If you can, I'd also add a Mono output, you never know if the they say, "Sorry your drummer is trying to be Neil Pert and has used some channels we have just one left for keys."

Also test for high level inputs with no clipping.   Low end keys might put out -10dBm, pro models +4 or higher.

Hey Jr460, I agree, keeping XLR outputs is a must for live work. Also thanks for reminding me, 48v Phantom !! I will definitely need to implement some Blocking capacitors on the output as the chances of phantom being accidentally sent is 100%

Thanks JBliss

[Sylvi]

Hi

I haven't read the whole thread but looked at the schematic.

It might be a mistake to not have AC coupling between the input pots and the virtual-earth node. Either add a single cap between the junction of the input weighting resistors and the opamp input, or add individual caps for each wiper. otherwise, there might be a scratchy pot issue.

I would leave the EQ stage intact to correct for the inversion of the mixing stage. You can make the EQ "bypassable" simply by adding two equal-value resistors give the stage unity-gain (inverting). The EQ network of the pots, Rs and Cs is still connected at the input and output of the circuit, but a switch is added between the opamp -in and the wiper resistors from the controls. This works very well and is not noisy if there is a high-value resistance across the switch.

The schemo does not show what the output driver chip is. Going by the functional names for the outputs, I suspect that "sense" should be tied to the output side of the cap rather than to the chip-side of the cap. I assume the chip is supposed to provide a "zero z-out" this way -  technique I a always suspicious of as it contradicts the purpose of the cap.

[nick_d]

Since there are some objections in regard to the XLR output, I decided to sketch out the earlier described ideas to explain better what I meant. Again, these ideas are ONLY for discussion, I don't necessarily recommend changing to this, since OP's circuit is really good as far as I can see.

I agree that 5V is too low, I checked and XLR equipment uses much higher levels, I didn't know that. I sketched it with 10V, it can be increased.

These are SINGLE-SUPPLY circuits, I have never built anything with dual supplies and I have never found it necessary to do so, with modern parts. At worst you might use an extra op-amp to generate a reference, here 5V. By the way, "virtual earth" is not the correct term for the 5V reference, "virtual earth" is the -ve terminal of an op-amp in inverting configuration, because the op-amp maintains it equal to the +ve terminal.
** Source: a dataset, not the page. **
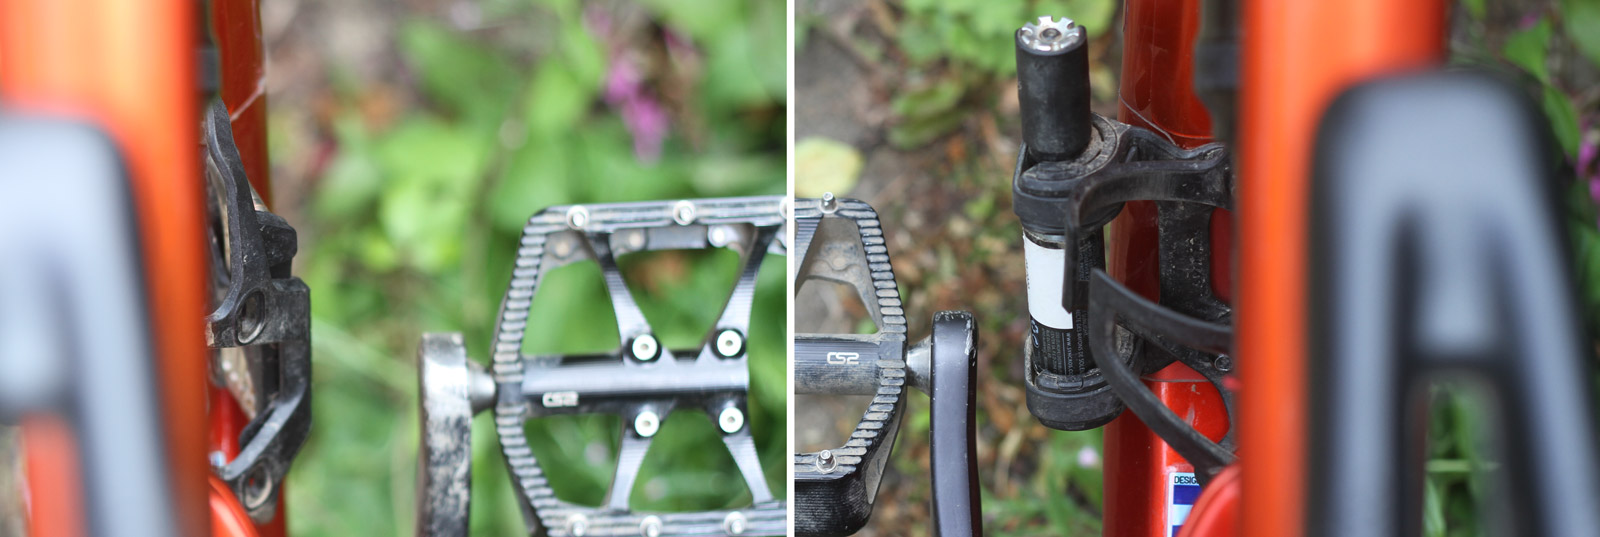 syncros is tailor cage review clearance of pedal and cranks

The first file shows some pieces: an input stage with 20Hz..20kHz band limiting and volume control, a buffered reference, and a "true" XLR output stage which drives the XLR connector differentially. The second file shows a more controversial approach, the "fake" XLR output stage which drives the XLR connector single-endedly, and provides a dummy -ve output. To show why the "fake" XLR output stage works, and works the same as the "true" XLR output stage, I've drawn also a sample of an input stage from another piece of equipment (a differential amplifier).

I personally cannot see any reason to prefer the "true" XLR output stage over the "fake" output stage which uses one fewer op-amp, except that the "true" XLR output stage will be twice as loud. If you want to reduce the supply to the minimum possible (about 5V) then use the "true" XLR. Although, I am keen to be educated if there is something I have missed in my analysis. I have built these circuits several times, but I would by no means call myself an audio or electronics expert, and I also don't have any XLR equipment apart from a collection of dynamic microphones.

As has been noted in this thread, creating an output that can be connected to an XLR microphone input with phantom power is a bit of a hassle. The output absolutely must be high-pass filtered, which is a shame because otherwise the output filter can be omitted. The output filter is bulky and expensive, due to the need for a low-value resistor for decent output drive, and corresponding high-value capacitor to get an RC time-constant of 50ms, for the 20 Hz high-pass cutoff that I have chosen (although you could get away with a higher cutoff in some applications).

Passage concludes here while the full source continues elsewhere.